Now you can see all the parameters in my model are trainable. But what I need to do is I need to make sure that the parameters in the embedding layer, they become fixed and embedding layer is used in the same sense as the convolutional blocks were used in transfer learning. Now to do that what I will do is: I will access the layers property and since embedding is my first layer which indexed as 0, I will change its trainable property false. Now, if I look at my model summary you can now see the parameters in the embedding layer are non-trainable.

In [43]:
model.layers[0].trainable=False

In [44]:
model.summary()

Model: "sequential"
_________________________________________________________________
Layer (type)                 Output Shape              Param #   
embedding (Embedding)        (None, 16, 50)            500000    
_________________________________________________________________
flatten (Flatten)            (None, 800)               0         
_________________________________________________________________
dense (Dense)                (None, 1024)              820224    
_________________________________________________________________
dense_1 (Dense)              (None, 4)                 4100      
Total params: 1,324,324
Trainable params: 824,324
Non-trainable params: 500,000
_________________________________________________________________


In [45]:
model.compile(optimizer='rmsprop',
              loss='categorical_crossentropy',
              metrics=['accuracy'])

In [46]:
model.fit(train_features,y_train,epochs=3,batch_size=32,validation_split=0.20)

Epoch 1/3
Epoch 2/3
Epoch 3/3


<keras.callbacks.History at 0x7f7f9f5c0090>

Now this will take some time I'm running my model only for 3 epochs.

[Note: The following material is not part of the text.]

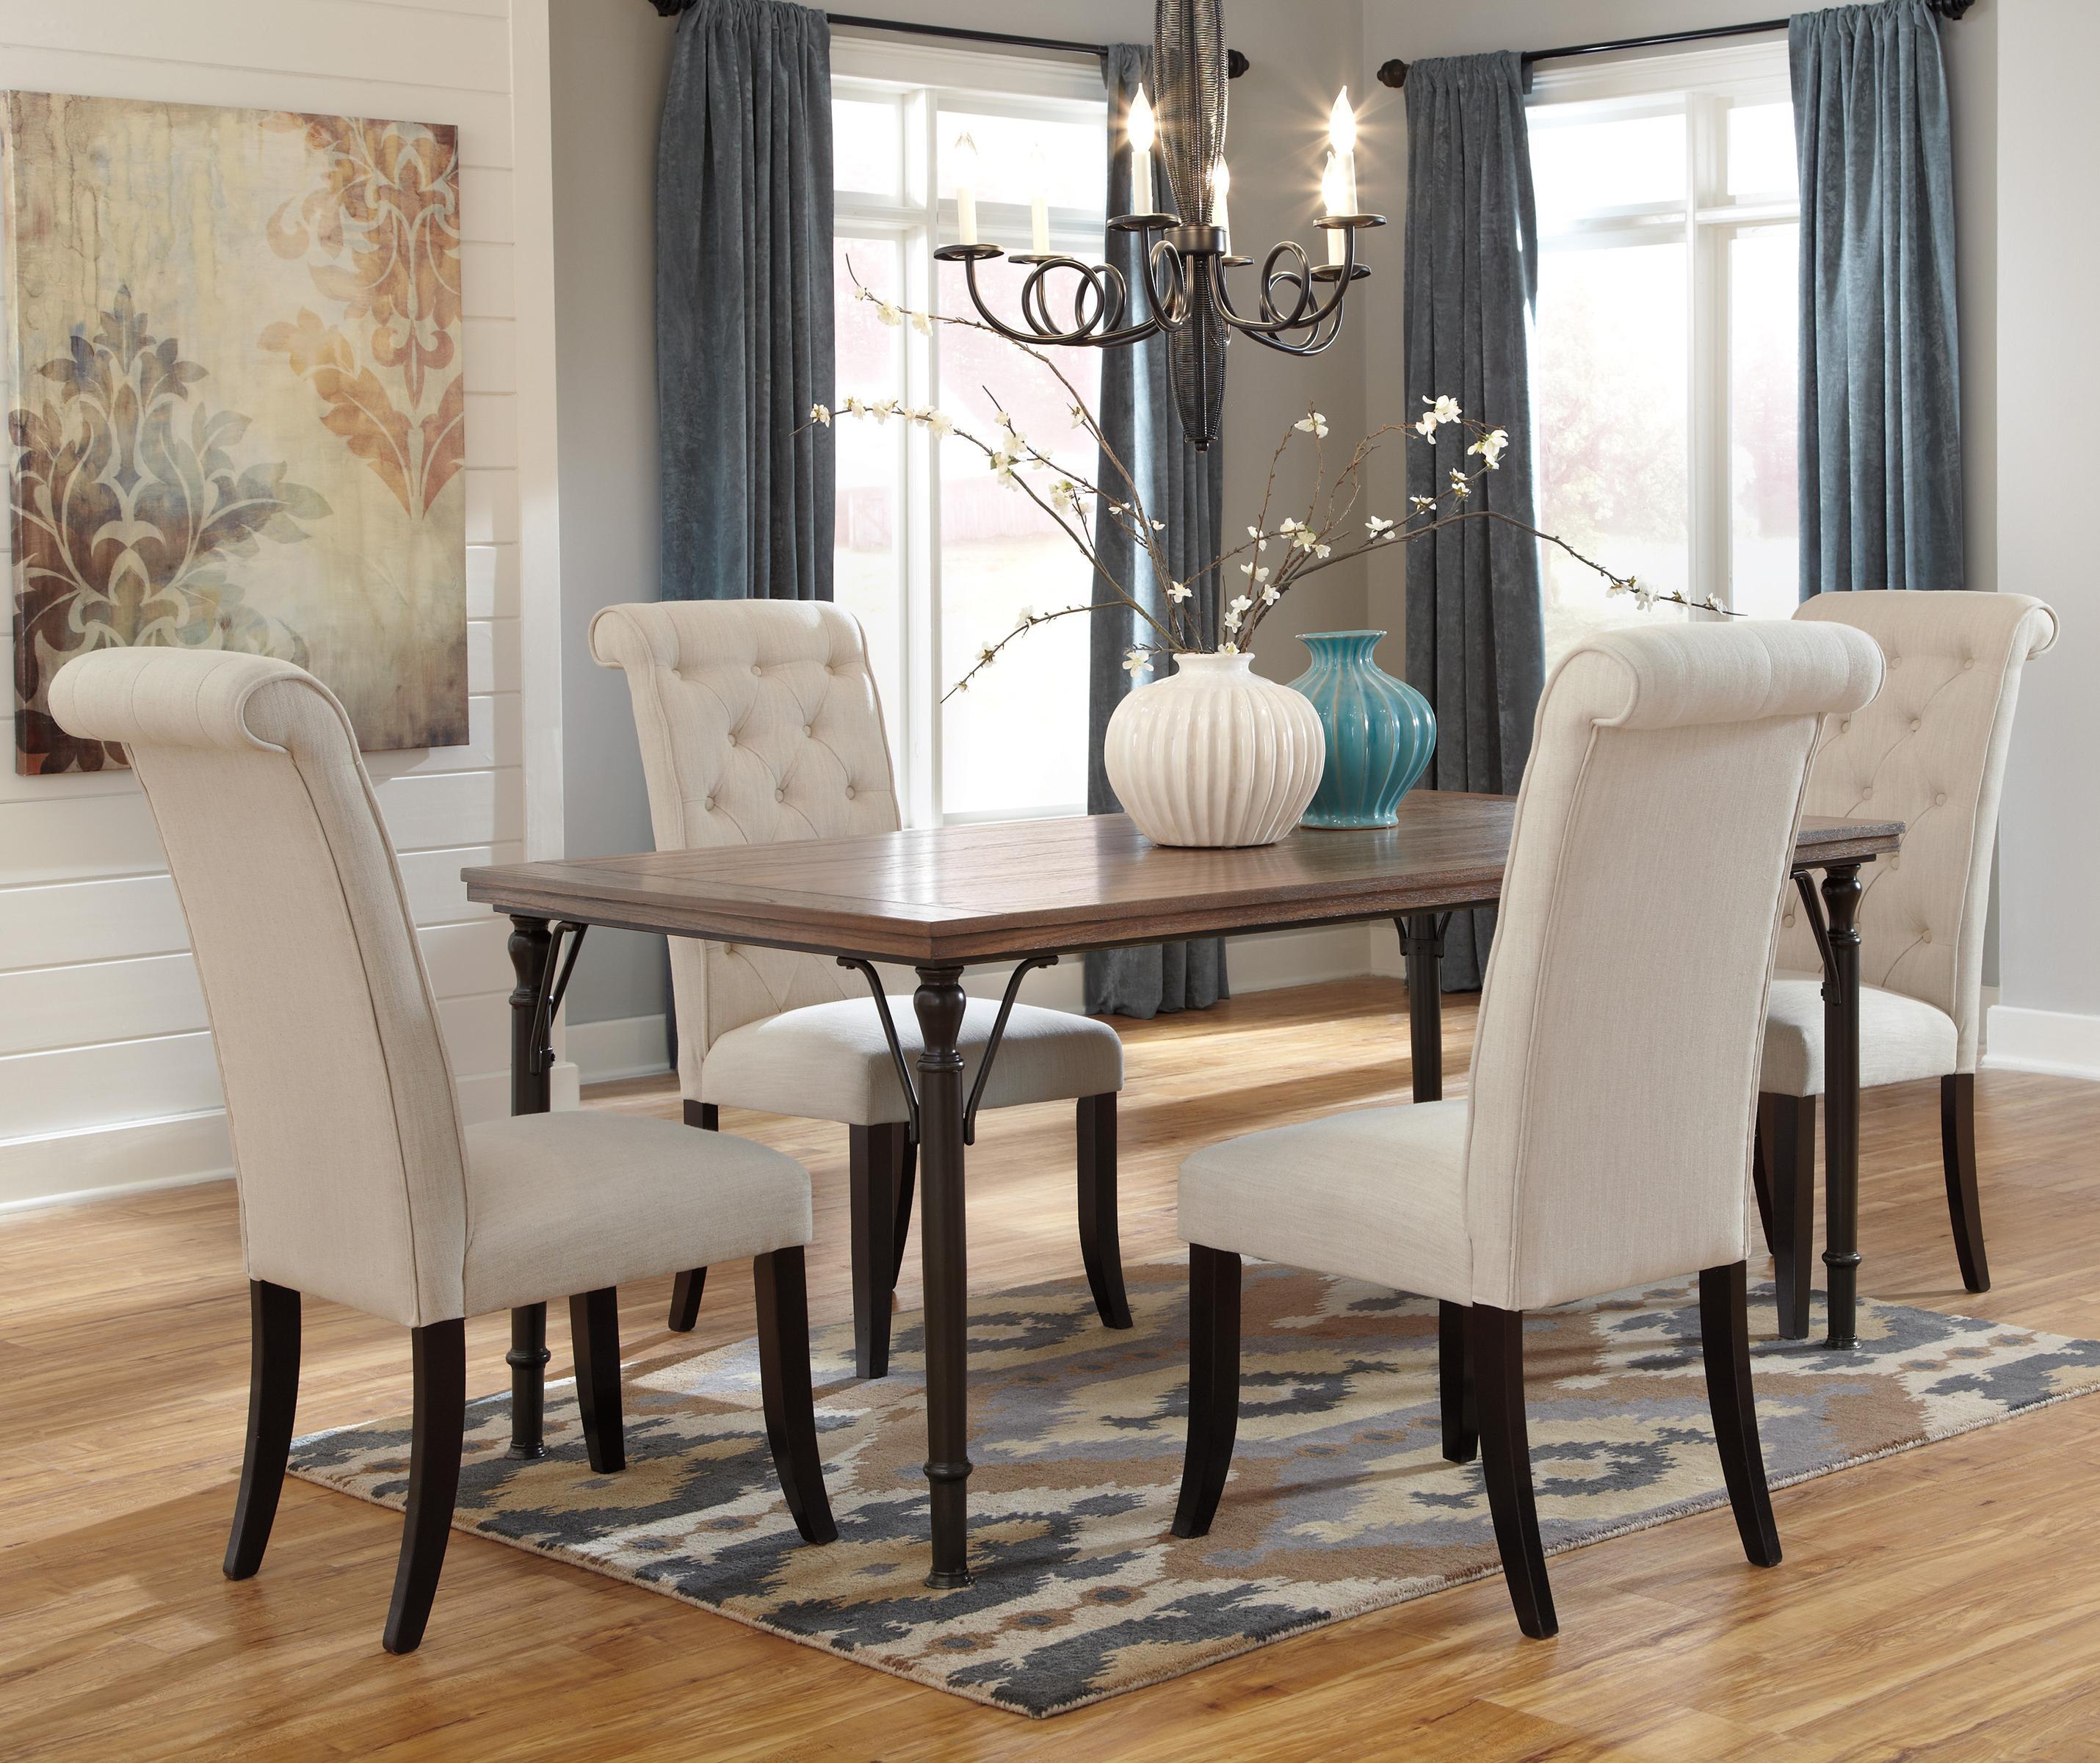 Awesome Ashley Signature Design Tripton 5 Piece Rectangular Dining Room Table Set  W/ Wood Top U0026 Metal Legs   Dunk U0026 Bright Furniture   Dining 5 Piece Sets Part 10

Now after this model trains we can see it has achieved the validation accuracy of 84%. Let’s obtain predictions from this model.

In [47]:
preds=model.predict(test_features)
preds

array([[7.9241997e-01, 1.9895509e-02, 1.3075784e-02, 1.7460869e-01],
       [7.5139076e-01, 6.9886526e-05, 1.6313244e-06, 2.4853779e-01],
       [3.4345221e-10, 3.4921861e-12, 4.5142750e-14, 1.0000000e+00],
       ...,
       [9.9993479e-01, 1.8836440e-07, 7.7958804e-09, 6.4978631e-05],
       [4.1593373e-02, 1.9883511e-05, 2.3821981e-04, 9.5814860e-01],
       [3.1795645e-01, 2.8387917e-02, 1.0119211e-01, 5.5246353e-01]],
      dtype=float32)

Fine the max probability

In [48]:
max_labels = []
for i in preds:
  max_labels.append(np.argmax(i))

Inverse transform them into their actual labels and here I'm computing the accuracy on the test data.

In [49]:
pred_labels=enc.inverse_transform(np.array(max_labels))

In [50]:
(y_test==pred_labels).sum()/pred_labels.shape

array([0.84768714])

 So, the accuracy on the test data is around 84%.